If $F(z)$ is analytic in a domain $D$, is $\overline{F(\overline{z})}$ also analytic in $D$?

Question

Problem Statement

If $F(z)$ is analytic in a domain $D$, is $\overline{F(\overline{z})}$ also analytic in $D$?

My Try

Suppose that $F(z)$ is analytic in a domain $D$. It follows that $F$ is differentiable at each $z \in D$.

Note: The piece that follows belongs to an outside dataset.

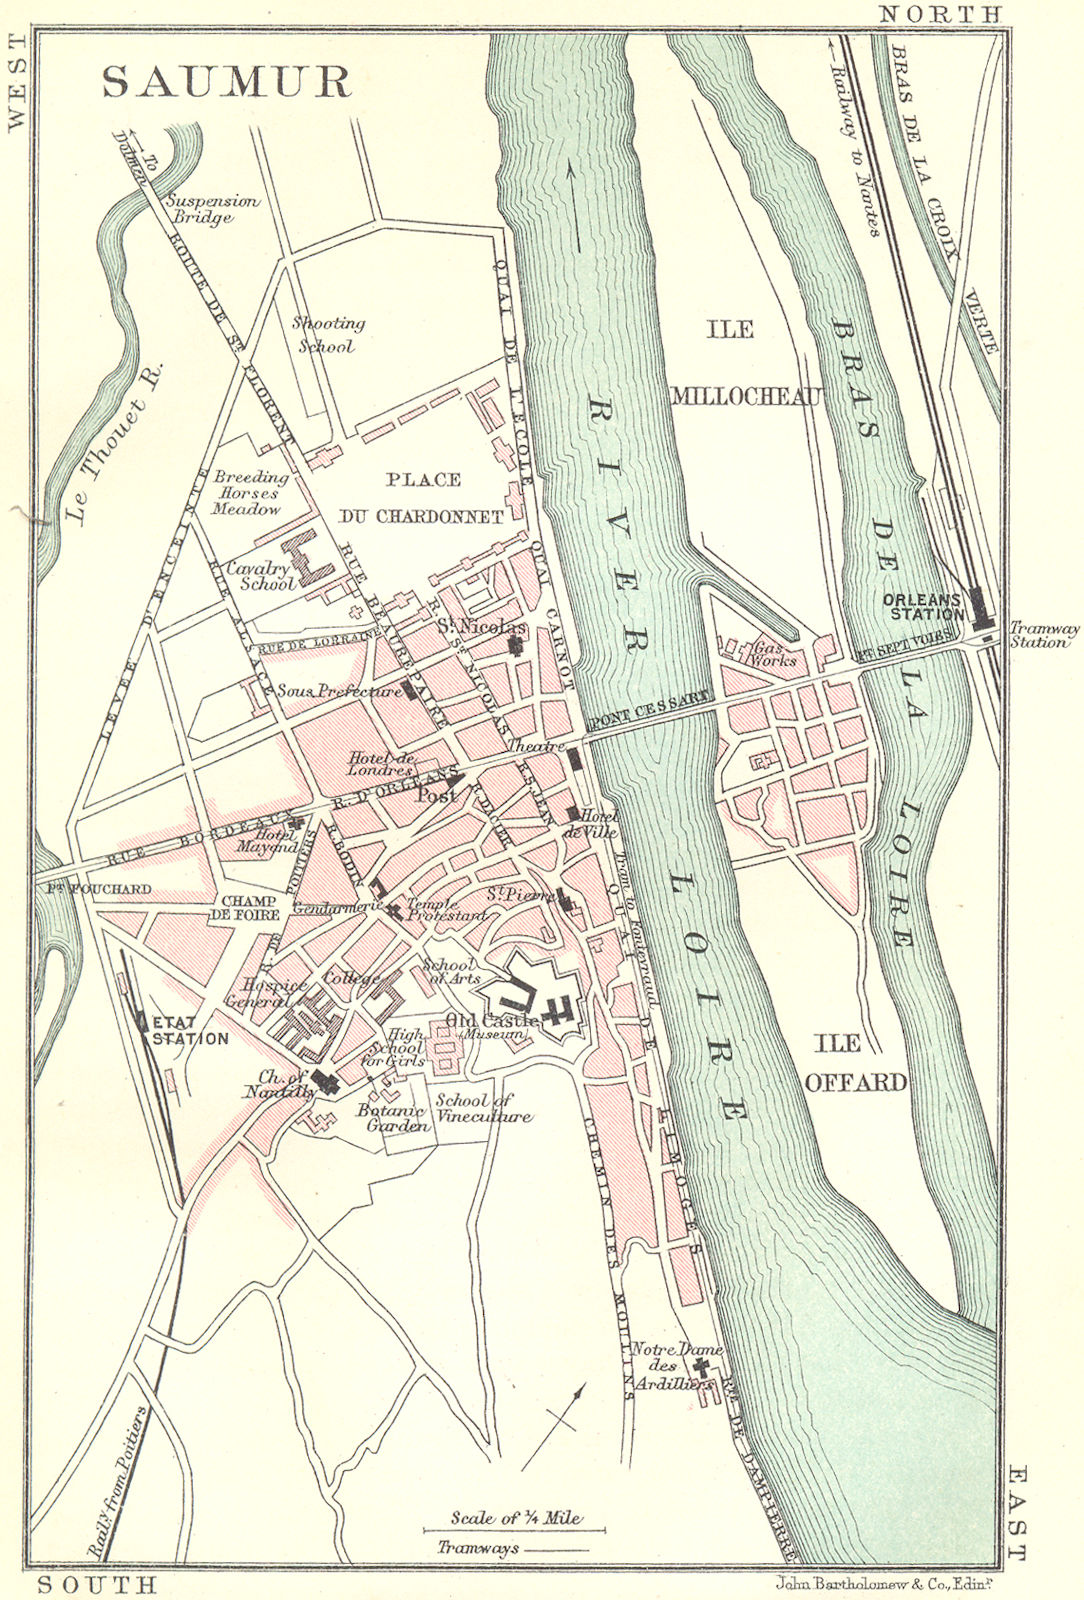 Associate Product SAUMUR town/city plan de la ville. Maine-et-Loire 1914 old antique map chart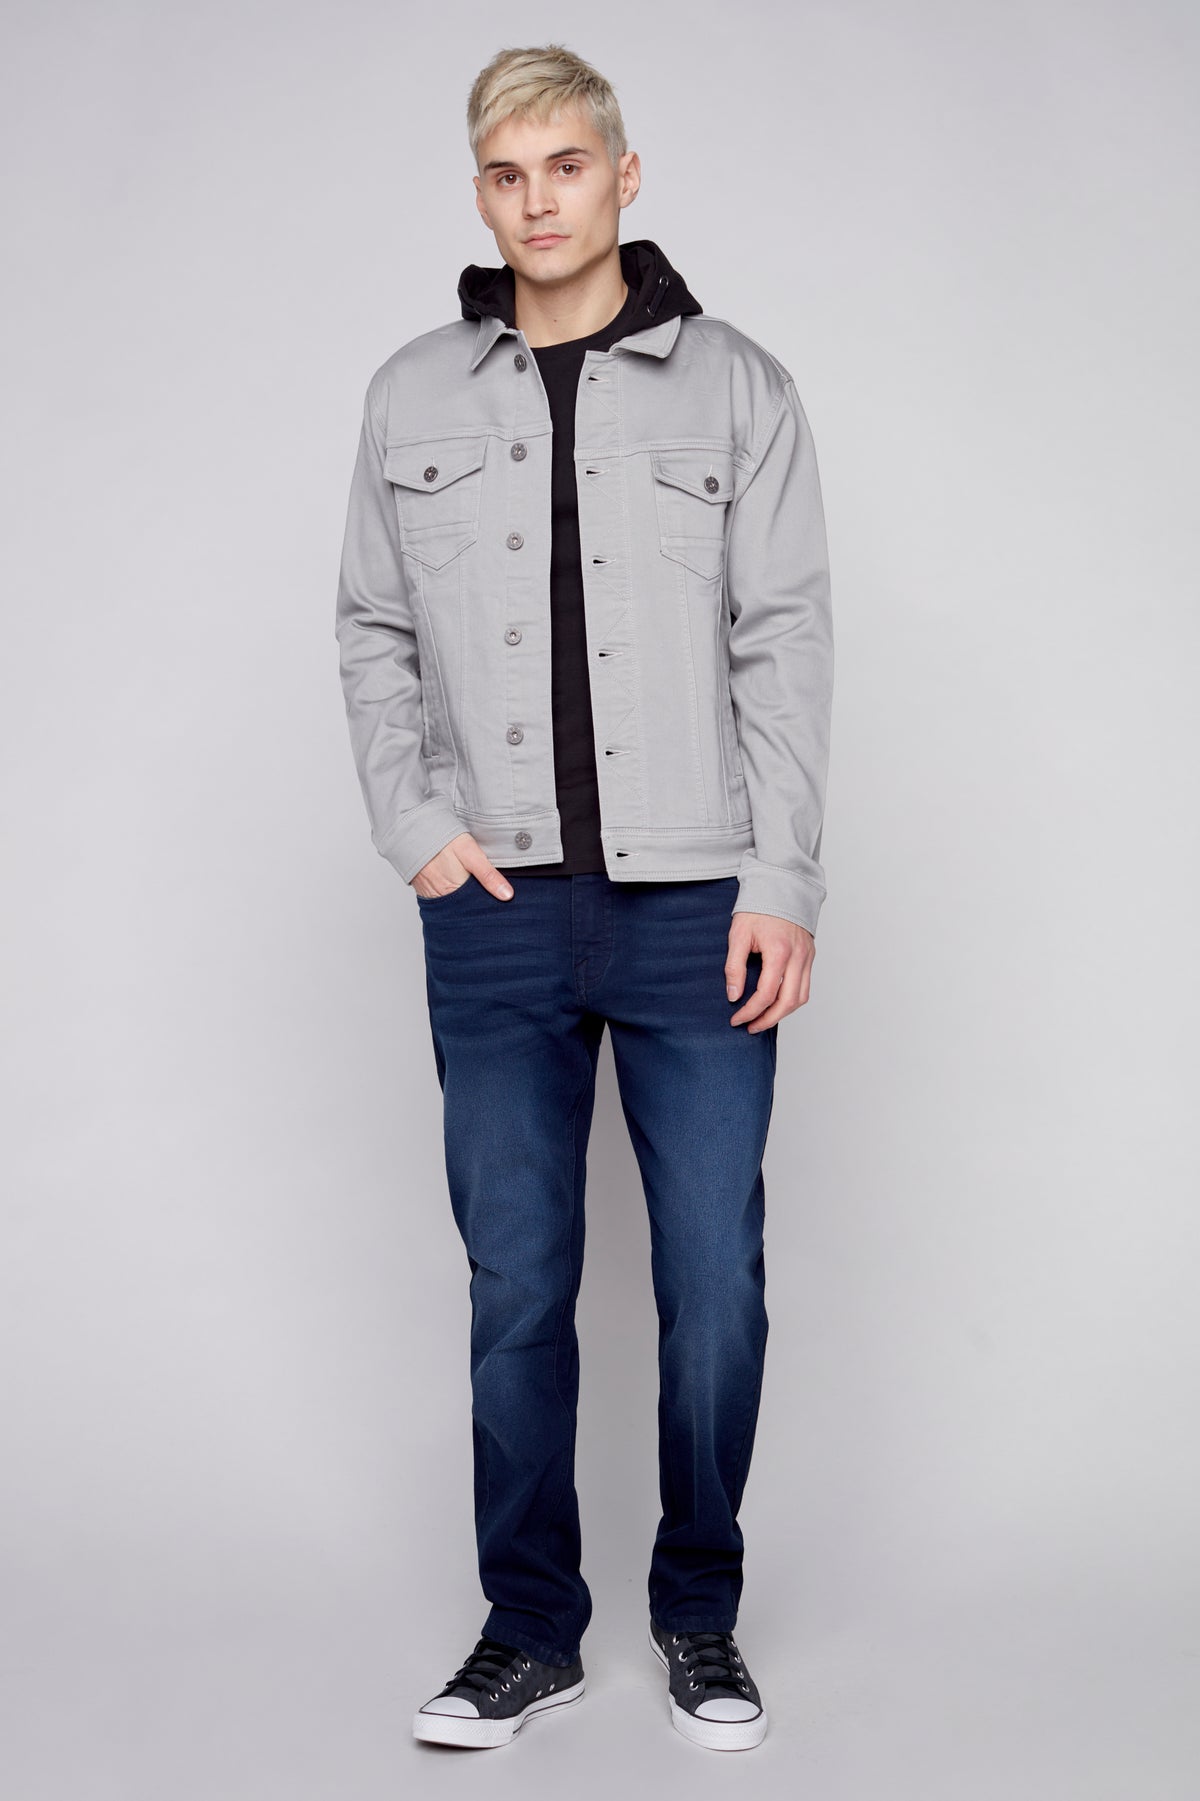 Men's Denim Jacket With Built-In Hood - Light Grey

I know that the partial derivative $$\frac{\partial F(z)}{\partial \overline{z}} = 0,$$ since $F$ is differentiable at each point $z \in D$. What I am having trouble with is how to get an expression for $F(\overline{z})$.

Question

Of course, I cannot conclude at once that $\overline{z} \in D$ also holds. Or can I? Is this even the correct approach to the problem? If not, how do I solve this conundrum? Hints will be most welcome!

Answer 1

What you wrote is just the Cauchy-Riemann equations (using the Wirtinger derivative $\frac{\partial}{\partial \overline{z}}$). I am not sure about how could you do the problem with this approach but I think it might not be "the correct one" since you can easily prove $\overline{f(\overline{z})}$ is analytic from the definition of complex derivative: Let $z_0\in\mathbb{D}$, and let $g:\mathbb{D}\to\mathbb{D}$ be the function defined by $g(z)=\overline{z}$. You need to check that the limit $$ \lim_{z\to z_0}\frac{\overline{f(\overline{z})}-\overline{f(\overline{z_0})}}{z-z_0} $$ exists. Noticing the expression inside the limit equals $$ g\left(\frac{f(\overline{z})-f(\overline{z_0})}{\overline{z}-\overline{z_0}}\right) $$ and using that $g$ is a continuous function you should be able to conclude that the limit above is $g(f'(\overline{z}))=\overline{f'(\overline{z_0})}$. As this limit exists for every $z_0$ you can conclude $\overline{f(\overline{z})}$ is holomorphic in $\mathbb{D}$, and thus analytic.